We analyze the performance of the instrumented code in terms of the compute time and the I/O cost for certain operations on a test three-dimensional simulation (see Fig. 2). Then we compare the results with the identical simulation run which outputs the data that would have to be stored for the same analysis using conventional post-processing approach. The simulation dumps all three field quantities at relatively high frequency (each tenth iteration out of 2100) and in double precision. All the test simulations were executed on 16 nodes of a computer cluster, where each node contains 16 Haswell-EP cores and 128 GB DDR4 RAM. The nodes of the cluster are interconnected by a fully non-blocking fat-tree Infiniband QDR network, with 40 Gbps bandwidth. The storage bandwidth performance is approx. 1.8 GB/s.

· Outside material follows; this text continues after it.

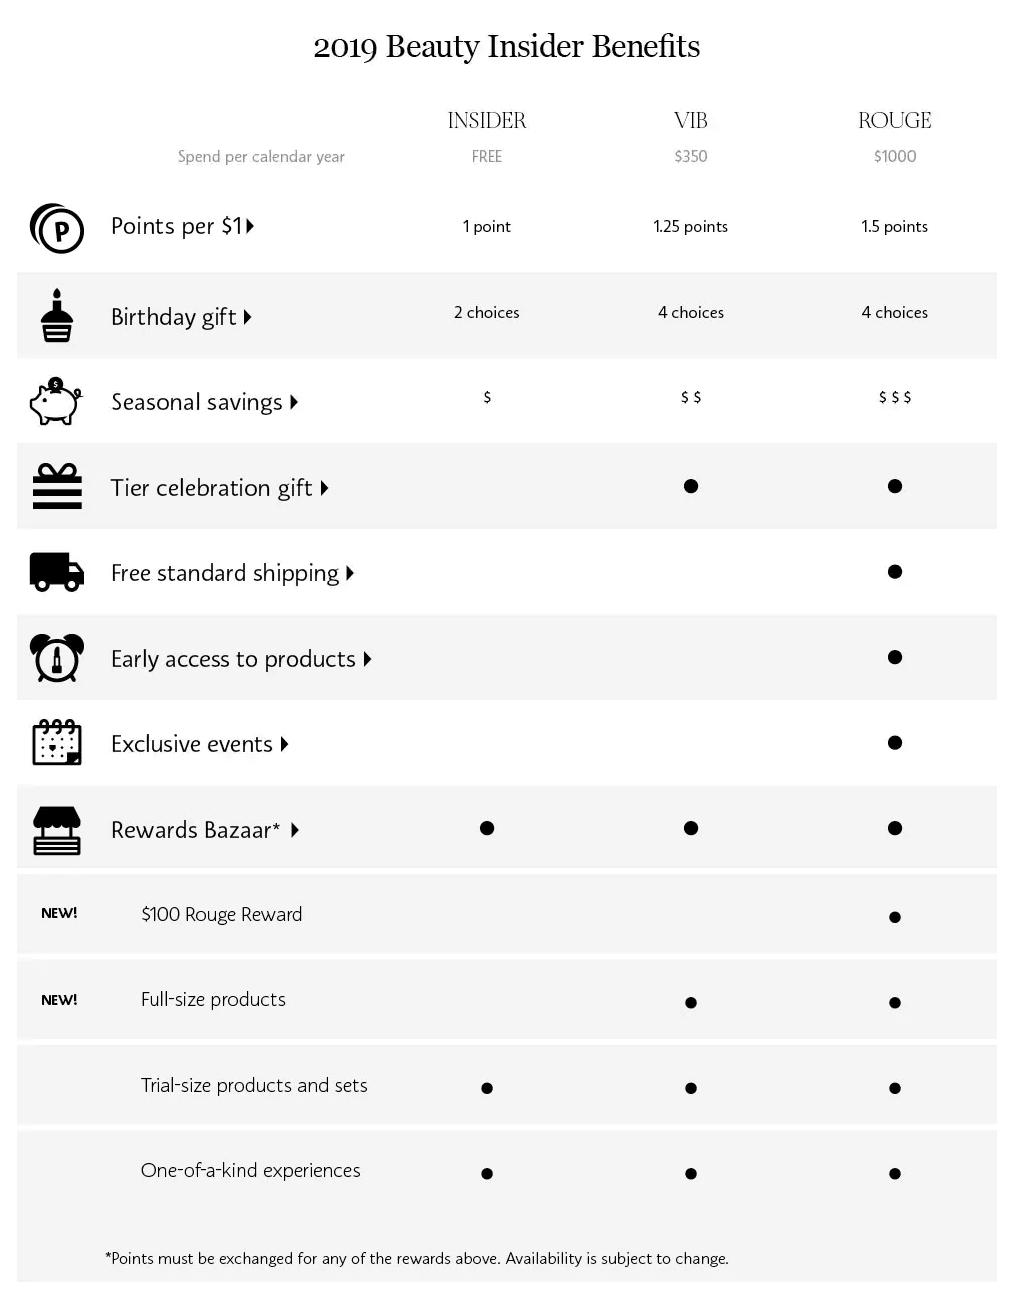 luxury brands - sephora tiers

The results are shown in Fig. 3. As can be clearly seen, the simulation spends approx. 95 % of the total time on I/O operations and requires around 8.2 TB of disk space in the case of dumping whole datasets for post-processing. On the other hand, the ratio between computation and I/O operations regarding the individual Catalyst filters is much more reasonable. Therefore, using the right visualization pipelines to extract the features of interest, one can drastically reduce the I/O and speed-up the simulation.
In situ visualization is expected to enable a wide range of new interactive applications in the near future. In addition, as high-performance computing moves towards the exascale era, in situ approach is widely predicted to become an indispensable tool for speed-up of large-scale simulations and more efficient use of modern supercomputing resources [6].
References
[1] G. A. Mourou, T. Tajima, and S. V. Bulanov, Rev. Mod. Phys. 78, 309 (2006).
[2] T. D. Arber et al., Plasma Phys. Control. Fusion 57, 11 (2015).
[3] A. C. Bauer, B. Geveciand, and W. Schroeder, ParaView Catalyst User’s Guide, Kitware, Inc. (2017).
[4] O. Rubel et al., IEEE Computer Graphics and Applications 36, 3 (2016).
[5] W. Schroeder, K. Martin, and B. Lorensen, The Visualization Toolkit: An Object-Oriented Approach to 3D Graphics, 4th Edition, Kitware, Inc. (2006).
[6] E. W. Bethel, H. Childs, and C. Hansen, High Performance Visualization: Enabling Extreme-Scale Scientific Insight, Chapman & Hall / CRC (2012).